**Data**
= = = =

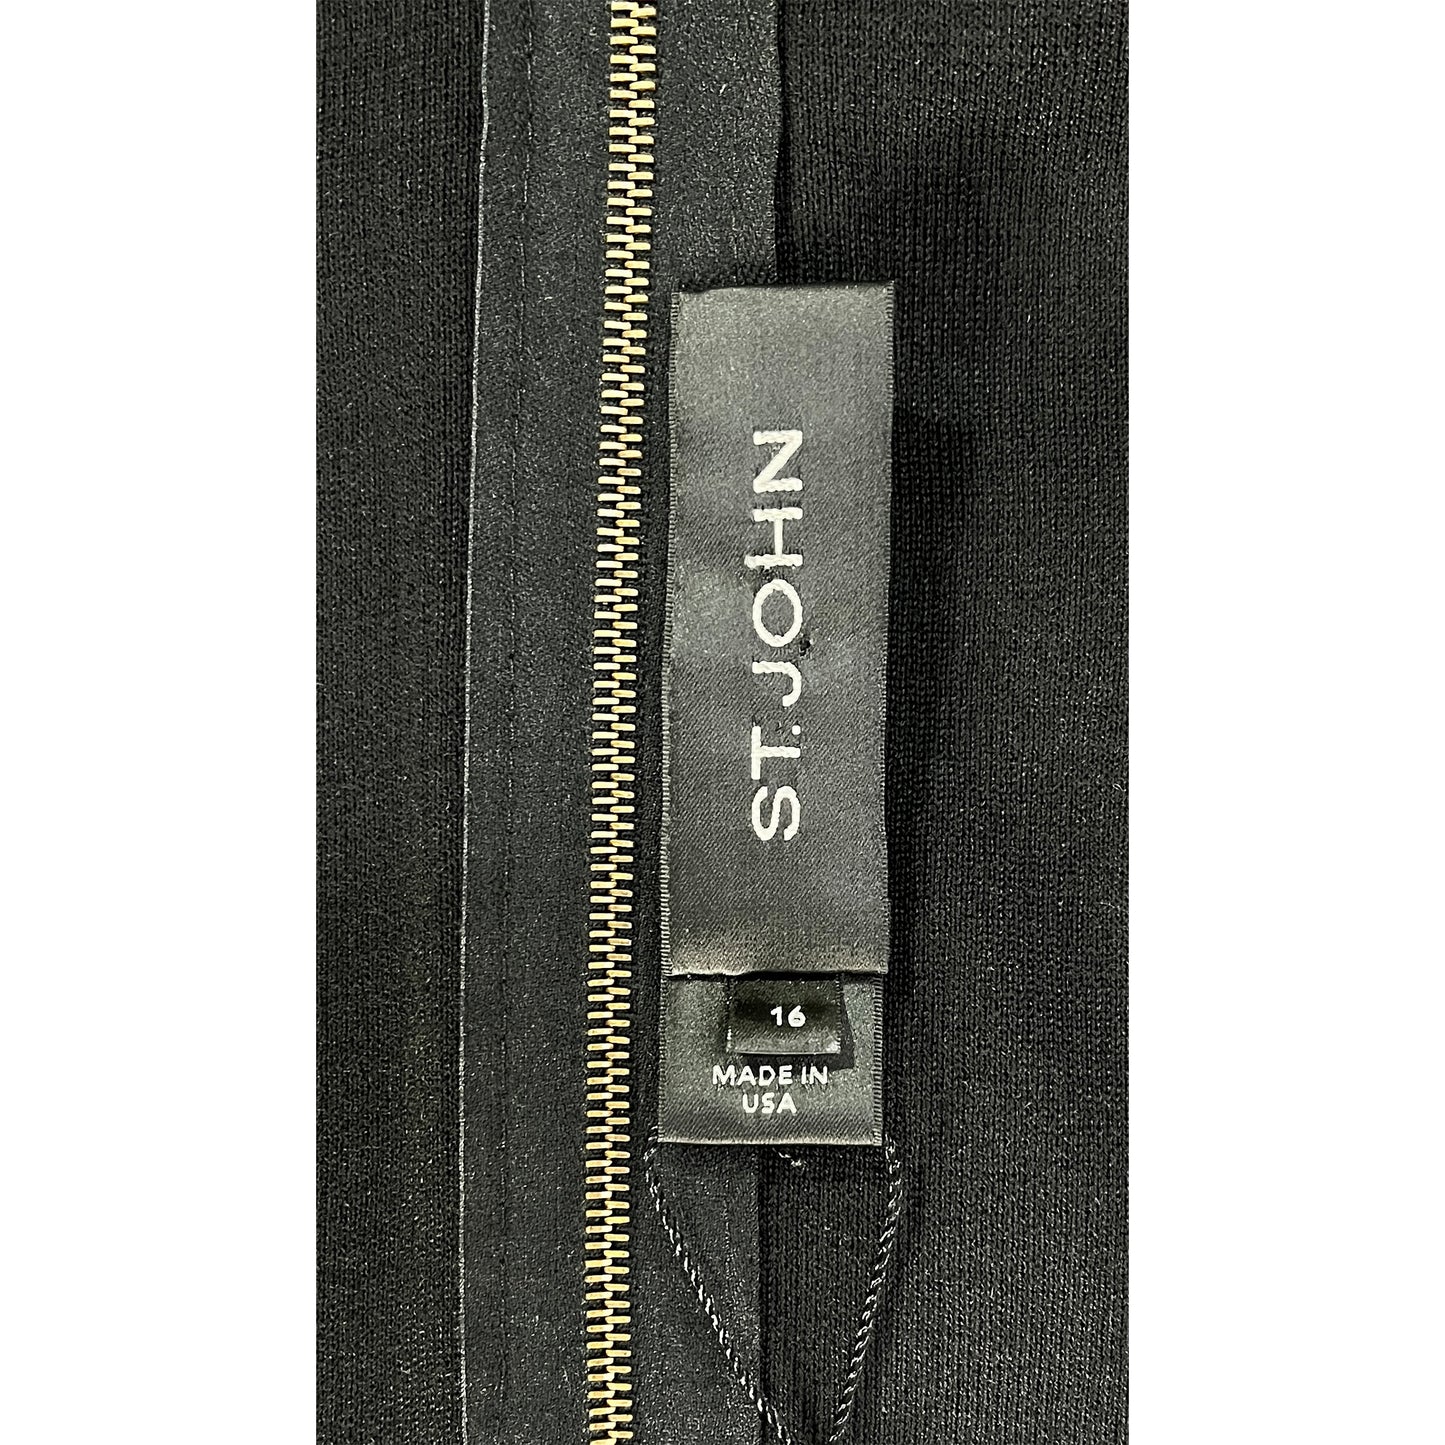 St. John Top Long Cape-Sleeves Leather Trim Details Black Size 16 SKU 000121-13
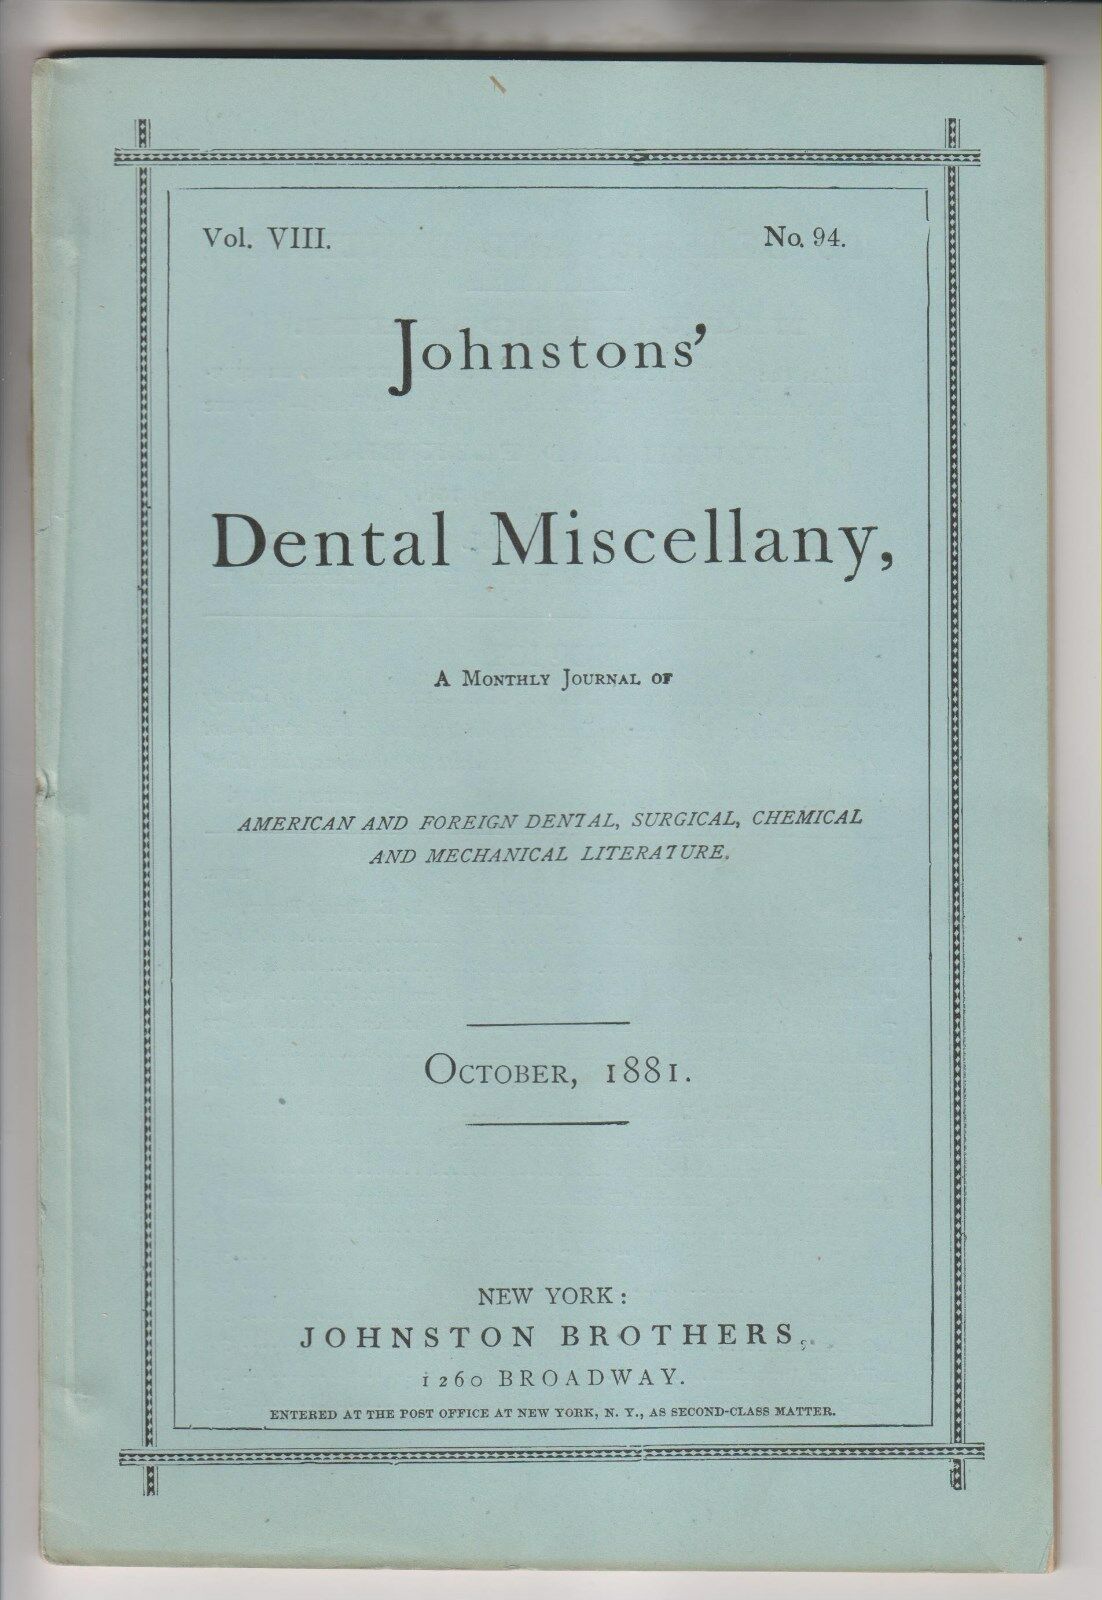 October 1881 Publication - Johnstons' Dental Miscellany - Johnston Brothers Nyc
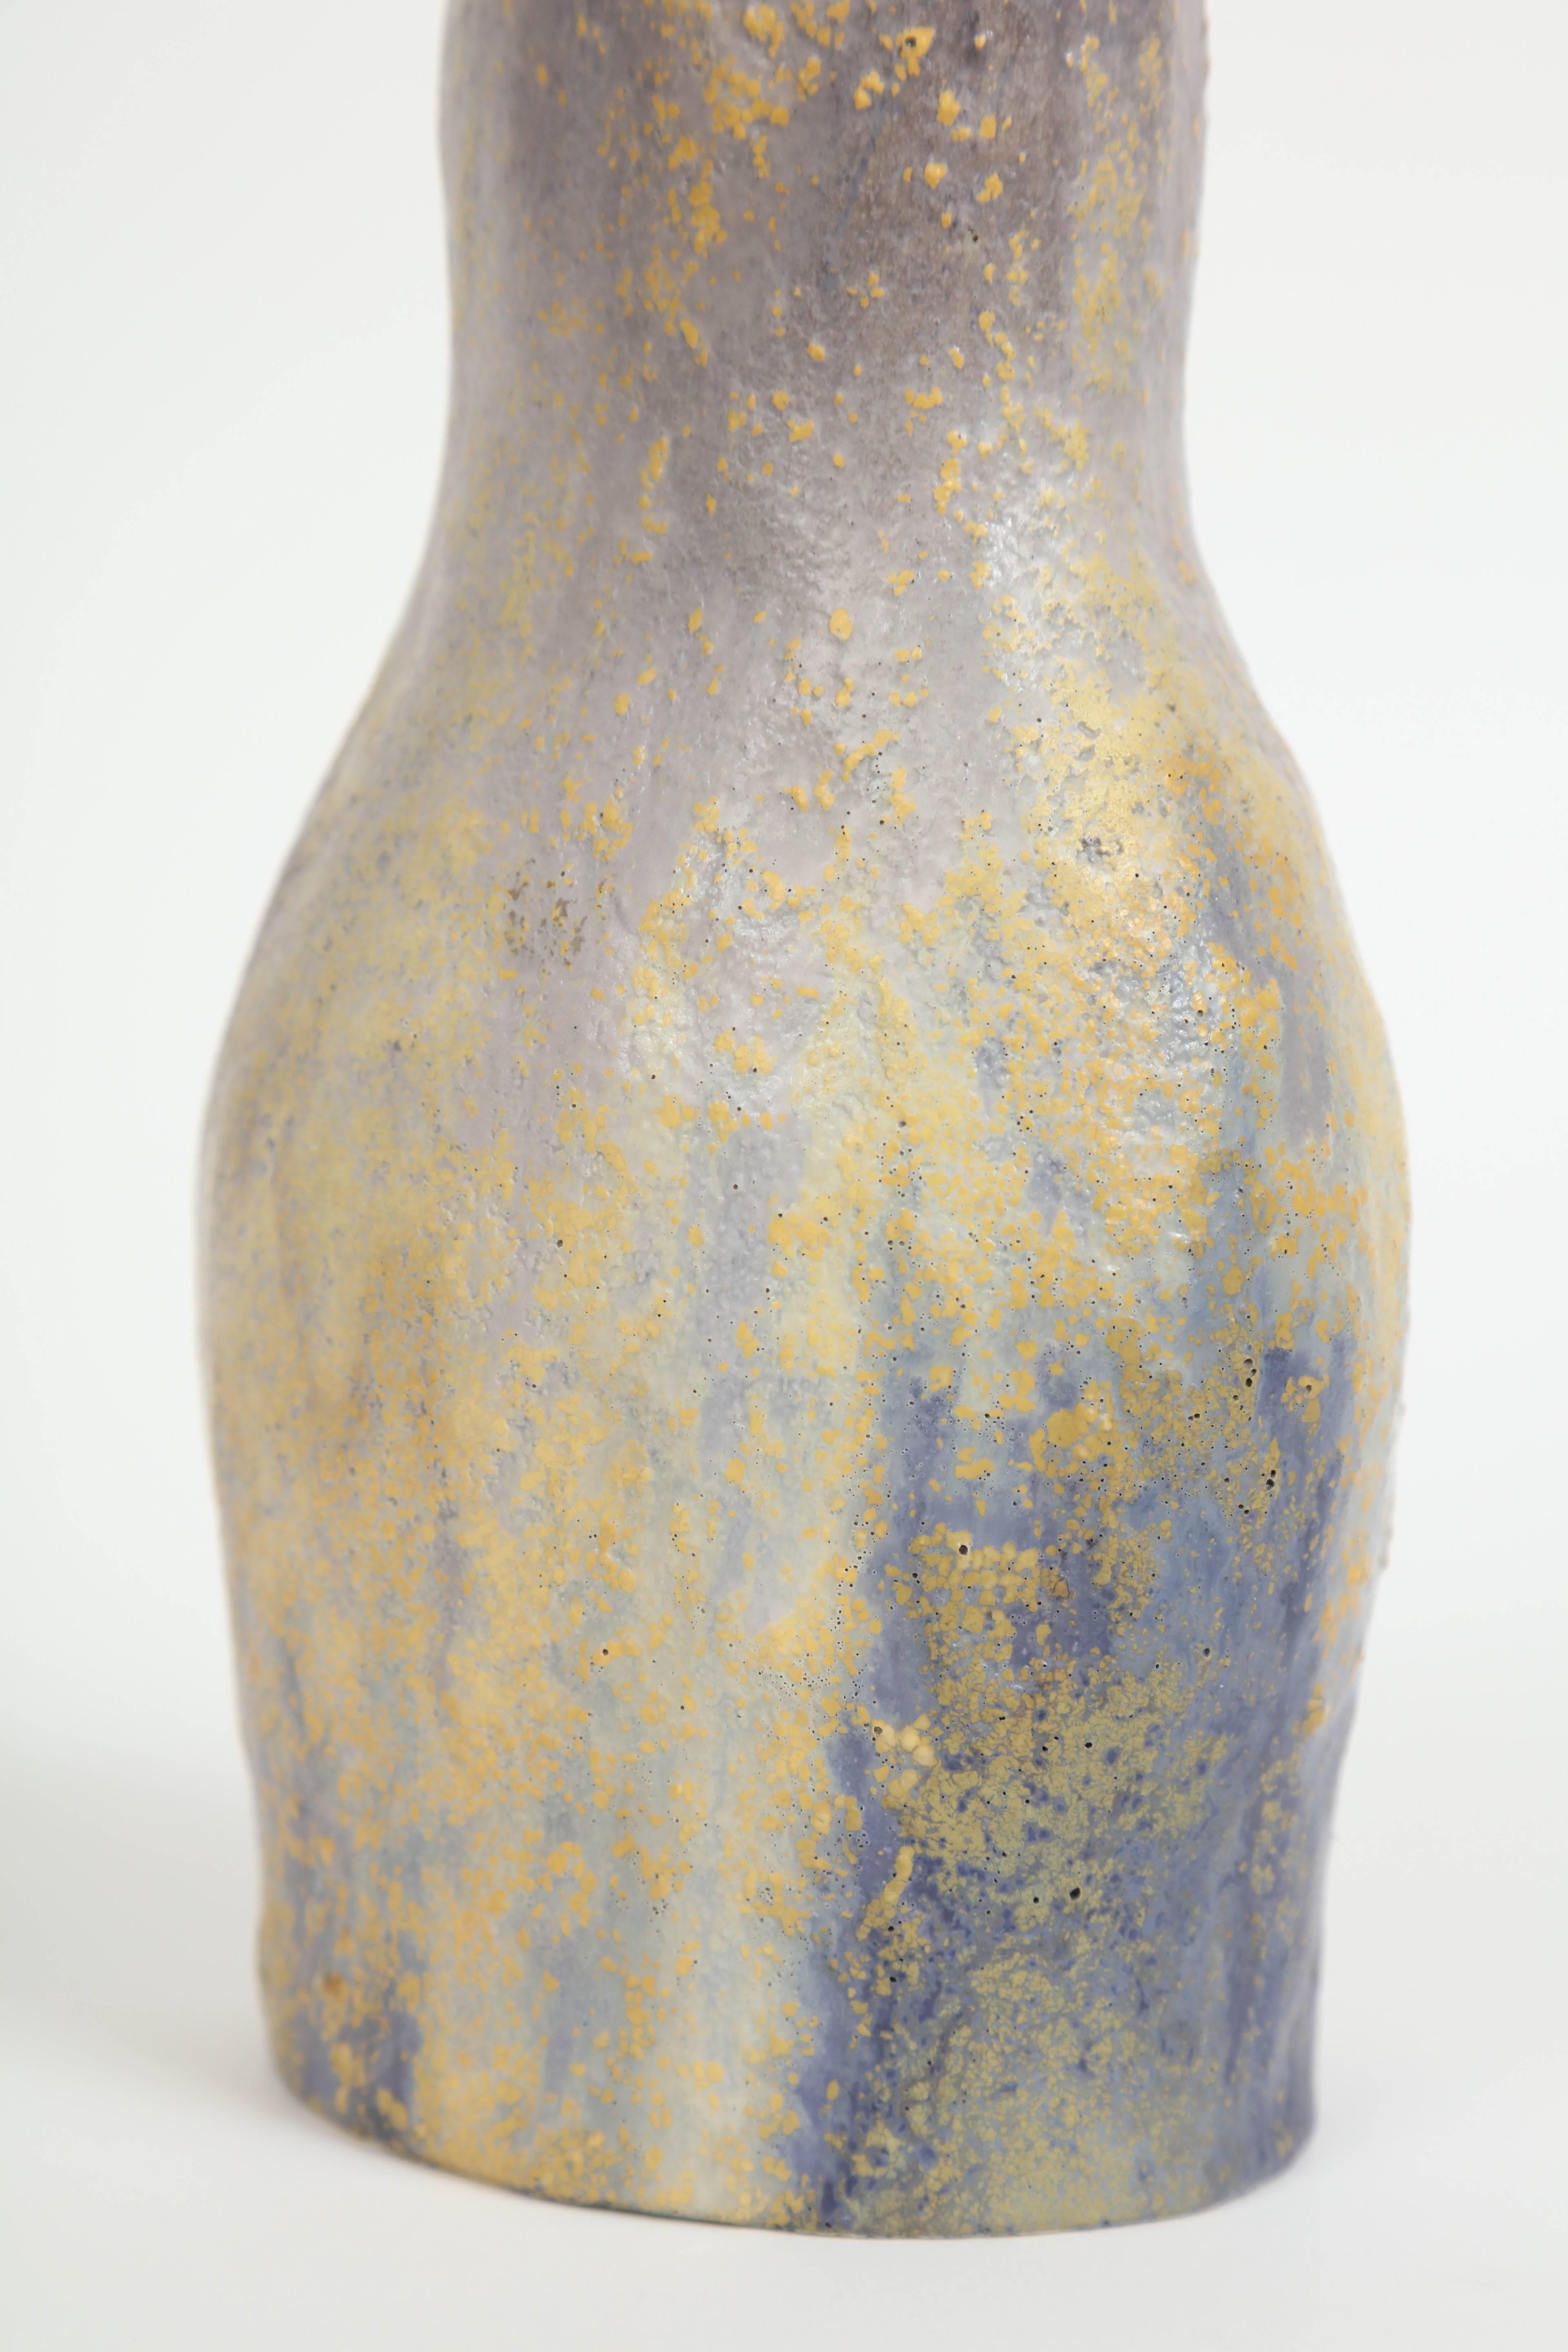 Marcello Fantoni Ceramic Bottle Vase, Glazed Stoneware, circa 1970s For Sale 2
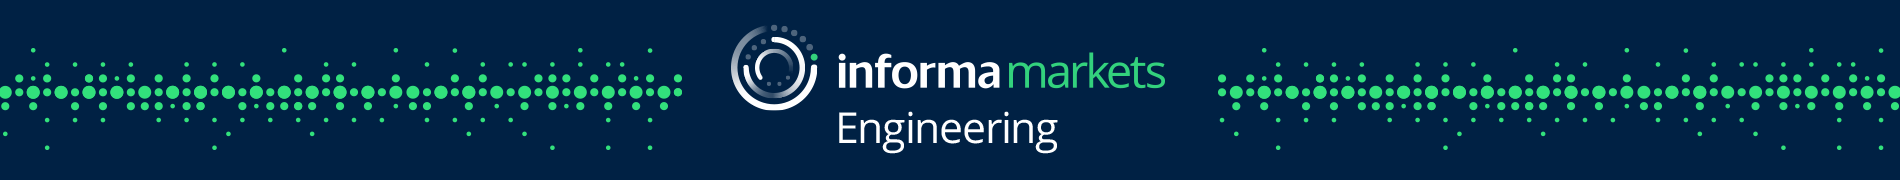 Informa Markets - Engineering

= = = =

**What you are asked to do**
What is needed is an exact transcription of the lines from the one holding "Marcello Fantoni Ceramic" to the end of the data, with every picture left out.

**Solution**
 Marcello Fantoni Ceramic Bottle Vase, Glazed Stoneware, circa 1970s For Sale 2
 Informa Markets - Engineering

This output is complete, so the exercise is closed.